HN2new | past | comments | ask | show | jobs | submitlogin

I don't think you pick Amtrak to arrive somewhere on time. You bring some books, read them, relax, stare out the window, chat with people in the dining car, and eventually reach your destination. Chilling out on the train is part of your vacation. (I rode the California Zephyr from Chicago to Oakland when I was like 10, and still remember most of the trip. It was amazing, even for an easily-bored 10 year old.)

The reality is, intercity trains are not an efficient way to travel in the United States. Most of the important cities are far apart, because it's a very large country with a lot of empty space. If you need to be somewhere, book a flight. It's less expensive and if you give yourself a day of leeway you will probably never be late to your thing, barring some sort of natural disaster.

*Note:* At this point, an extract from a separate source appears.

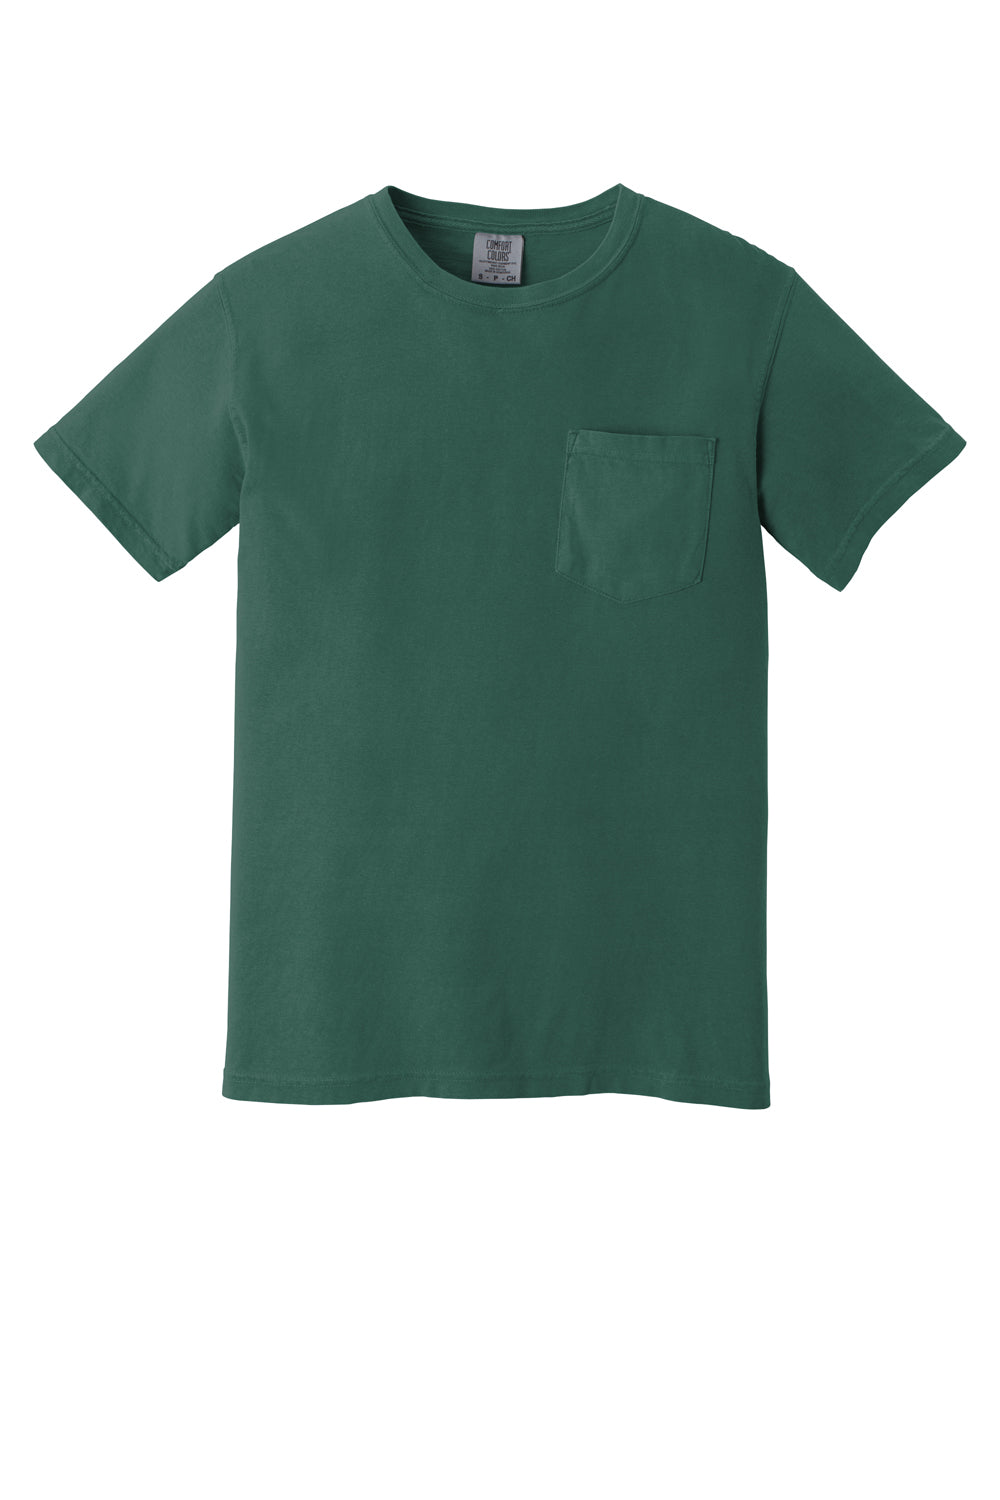 Comfort Colors Mens Short Sleeve Crewneck T-Shirt w/ Pocket Emerald Green Flat Front

I am a huge railfan but I have accepted that the geography of the US doesn't make train travel as viable as say, Japan. Tokyo, Nagoya, and Osaka are the three largest cities and are comparable in distance between each other like Chicago, Springfield, and St. Louis. If New York was where Chicago is, Chicago was where Springfield is, and LA was where St. Louis is, high speed rail would be enormously popular in the US. But New York and LA are 2500 miles apart, 10% around the world from each other.

I even question California High Speed Rail. San Francisco / Silicon Valley and LA are both big metro areas with a lot of money, but SF/LA are 41% farther apart than Tokyo and Osaka. Japan got very lucky that its two largest cities are actually very close to each other. Building the Shinkansen was an enormous engineering challenge, but one that was very clearly profitable. It's so profitable they're building another Shinkansen between the two cities, taking a shorter route and using faster trains. In the US... such a city pair does not exist.

OK this is going very off-topic from your exact comment... but it's something I wanted to talk about. Sorry.



Your entire geography argument goes out the window if you look at China's high-speed rail system instead of Japan's.

E.g. Shanghai - Kunming is more than 2200 km and takes between 10-12 hours[1]. At that speed LA-SF would take around 3 hours. For context the flight time is an hour and a half, so when you account for airport overhead, taxiing etc. the train would take around around the same time, and be a more pleasant mode of transport.

The density argument also goes both ways. A country like Japan is going to find it much harder to find empty space to place rail than somewhere like the US.

There's a lot of reasons for why the US isn't doing what China's doing with high-speed rail, but those reasons are mainly political, not geographical.

1. https://www.travelchinaguide.com/china-trains/shanghai-kunmi...


China isn’t a good example to point to because we have no idea whether China is making intelligent trade offs about how to use its resources. It’s an authoritarian economy. It could end up that in 50 years the whole thing collapses from its own weight.

Europe is a better example because it least the government must be somewhat accountable for its guns versus butter trade offs. And if you look at things like Macron trying to privatize SNCF (with its massive unsustainable debt levels), that should give us pause about the long term viability of rail even in dense places like France.


From a cursory glance it seems to me that SNCF's debts are due to them financing all of their infrastructure instead of the French state paying for it (directly, it of course is indirectly), and then the argument goes back to the current top comment here: The real value of a good transport network is the add-on economic effects.

Also from a security perspective, you can't hijack a train and crash it into some building (it has to stay on the tracks), so that's a plus for trains.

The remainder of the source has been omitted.